Dampak Perang India-Pakistan, Pemerintah Berencana Ekspor CPO ke Mesir

3 hours ago 3

TEMPO.CO, Jakarta - Pemerintah membuka peluang ekspor minyak sawit mentah atau crude palm oil (CPO) ke sejumlah negara baru, termasuk Mesir. Langkah ini dilakukan sebagai antisipasi terhadap potensi penurunan ekspor ke India dan Pakistan yang saat ini tengah berkonflik.

Direktur Tanaman Kelapa Sawit dan Aneka Palma Kementerian Pertanian, Ardi Praptono, mengatakan permintaan CPO dari beberapa negara di Asia Timur, Afrika, dan kawasan selatan mulai berdatangan. “Ada di Asia Timur, kayak Mesir, kemarin kan sudah ada permintaan kemudian Afrika juga ada, di Selatan juga ada beberapa permintaan,” ujar Ardi saat ditemui di JIExpo Kemayoran, Jakarta Pusat, Rabu, 14 Mei 2025.

Baca berita dengan sedikit iklan, klik di sini

Meski mengonfirmasi adanya minat dari Mesir, Ardi belum merinci besaran permintaan tersebut. “Saya belum tahu persis ya, cuma kemarin sudah terinfo ke kami,” katanya.

Ardi menjelaskan, perluasan pasar ini merupakan langkah mitigasi atas dampak konflik India dengan Pakistan terhadap ekspor CPO Indonesia. Saat ini, Kementerian Pertanian belum menerima keluhan langsung dari pelaku usaha terkait gangguan distribusi akibat perang tersebut. Namun, Ardi mengingatkan bahwa konflik berisiko menurunkan harga CPO Indonesia di pasar global. “Kalau kami melihat perkembangan sekarang, ini memang akan berpengaruh. Saya katakan, mitigasi itu menjadi penting. Kami harus penetrasi kepada pasar-pasar baru,” ujarnya.

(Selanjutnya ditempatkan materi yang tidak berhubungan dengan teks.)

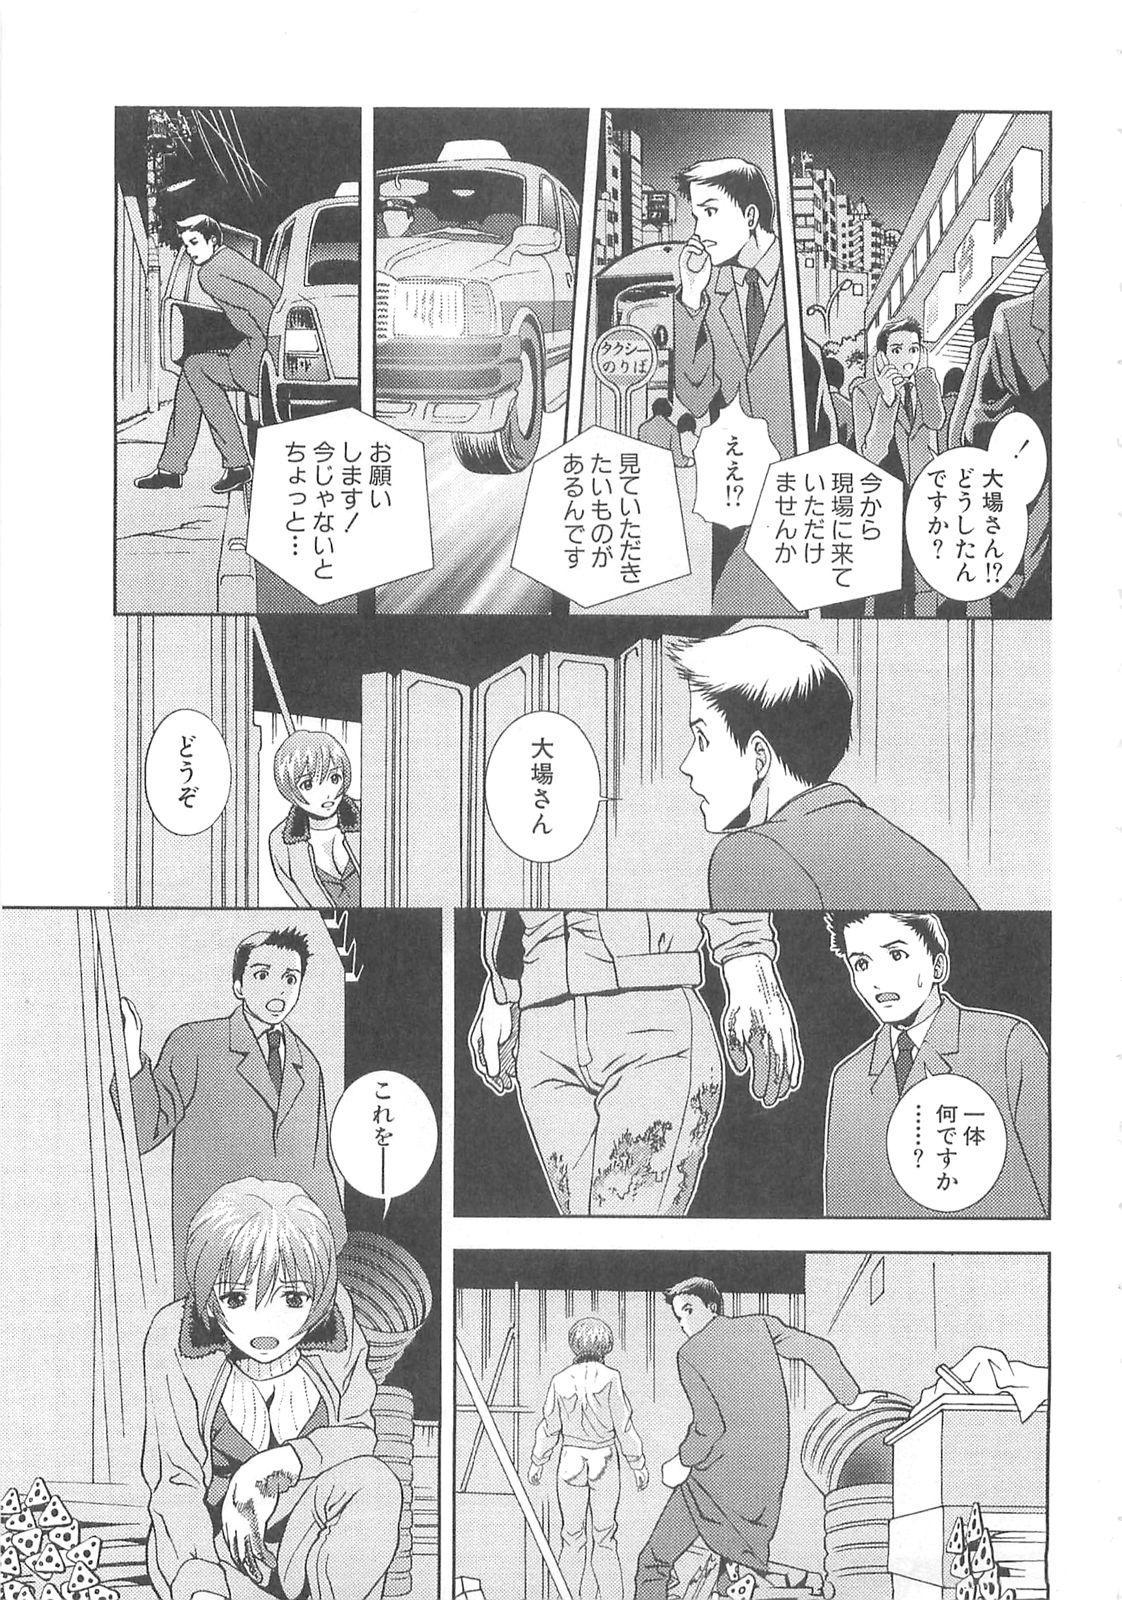 Tenshi no Kyuu - Angel's Pretty Hip 149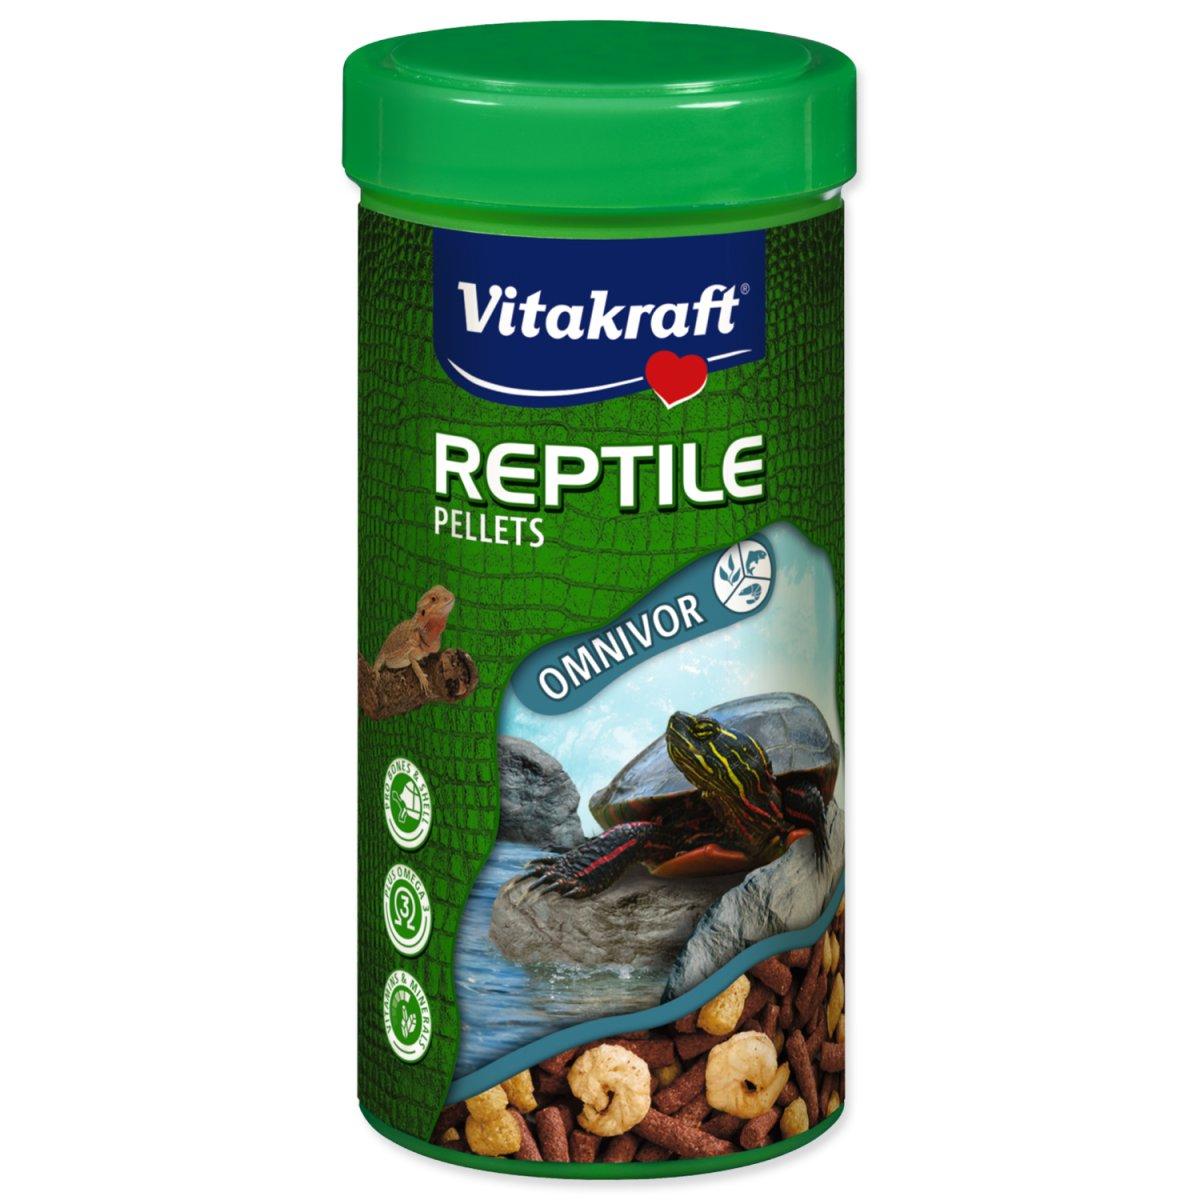 VITAKRAFT Reptile Pellets (250ml)

Sementara itu, Ketua Umum Gabungan Pengusaha Kelapa Sawit Indonesia (Gapki), Eddy Martono, membenarkan konflik antara dua negara importir utama itu bisa berdampak pada industri sawit nasional. “Belum dirasakan sekali dampaknya, tetapi kalau berlangsung lama pasti akan berdampak karena India sebagai importir terbesar kedua minyak sawit Indonesia,” kata Eddy saat dihubungi, Sabtu, 10 Mei 2025.

Menurut Eddy, ekspor tahunan CPO Indonesia ke India mencapai 5 juta ton, sedangkan ke Pakistan sebesar 3 juta ton. Jika konflik berlarut, permintaan dari kedua negara itu diperkirakan akan menurun, yang berpotensi meningkatkan stok domestik dan menekan harga jual. “Akan berpengaruh ke stok kami. Stok kita naik pasti akan menekan harga,” katanya.

Meski begitu, Eddy mencatat harga CPO saat ini masih berada di kisaran tinggi, yakni sekitar US$1.000 per ton. “Pakistan 90 persen untuk minyak sawit, untuk India 5 juta itu besar untuk ekspor, artinya kita berharap segera selesai,” ujarnya.

Ia menambahkan, dampak konflik tidak hanya dirasakan pada pasar CPO, tetapi juga bisa memicu penurunan harga produk nabati lainnya seperti minyak bunga matahari dan minyak kedelai.

Kendati demikian, Eddy tetap optimistis permintaan ekspor tidak akan merosot drastis. “Bukan berarti turun langsung 5 juta hilang, rasanya tidak seperti itu,” ujarnya.

Ia juga mencatat neraca perdagangan Indonesia dengan India dan Pakistan masih menunjukkan surplus, menandakan kedua negara masih menjadi pasar potensial. Pada 2024, neraca perdagangan Indonesia dengan India mencatat surplus sebesar US$ 14,67 miliar, sementara dengan Pakistan sebesar US$ 2,9 miliar. “Ke India positif, Pakistan juga. Jadi ini kan pasar yang bagus untuk Indonesia, artinya ini pasar yang potensial,” kata Eddy.